Beautiful Tragedy (A Standalone Romance Novel) (12 page)

Megan said she would and Debbie closed the door. I had
a feeling that once she got inside she was going to decide to call grandma
herself. It was nice of her to worry, but I hated it. I despised being the
center of all of this negative attention. I closed my eyes and lay my head back
against the seat and thought once again…
I
just want to be normal
.

When I opened my eyes again, we were at the emergency
entrance of the hospital. Megan parked where the ambulances go, and I was
trying to tell her she wasn’t supposed to park there. She acted like she
couldn’t hear me again and jumped out to grab a wheelchair. She opened the car
door and was going to try and help me out, although I could have done it
myself, when an orderly showed up.

“You need some help?”

“No, I can do it myself.”

“Yes, please,” Megan said.

Am
I not talking out loud?

“She’s really weak; I don’t want her to fall.”

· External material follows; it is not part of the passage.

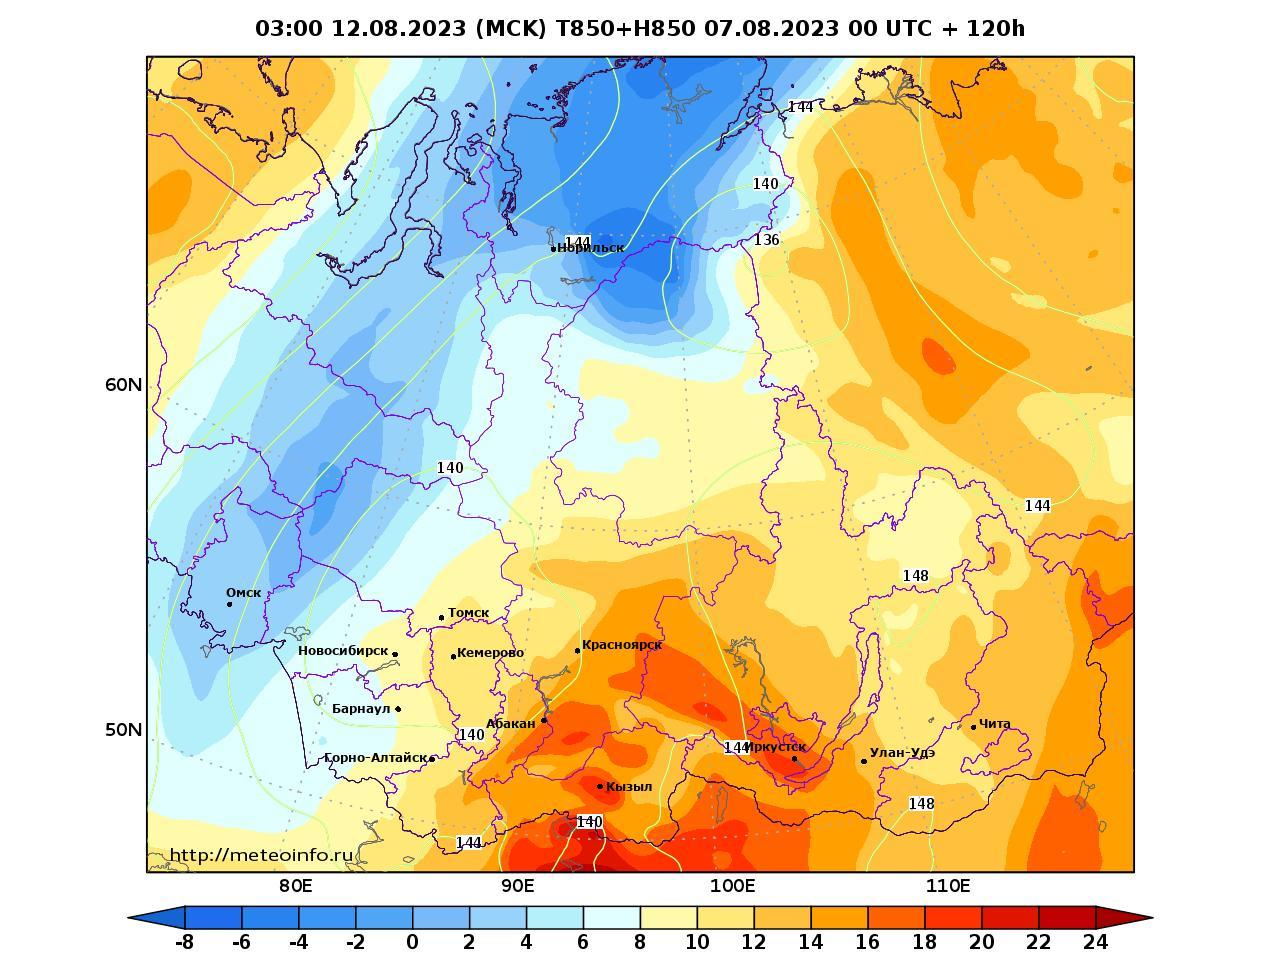 Сибирский Федеральный округ, прогностическая карта температура T850 и геопотенциал H850, заблаговременность прогноза 120 часов

The orderly told Megan where to park the chair and
once again I was treated like Ragged-Ann. He put his hands around my waist and
told me to hold on around his shoulders and then he lifted me into the chair.
It was really way too much of a production and I told Megan so as he pushed me
inside. I guess she must have been able to hear me that time, because she
finally said, “
Shhh
, Molly. Hush!” Now my feelings
were hurt. I was sick and she was yelling at me.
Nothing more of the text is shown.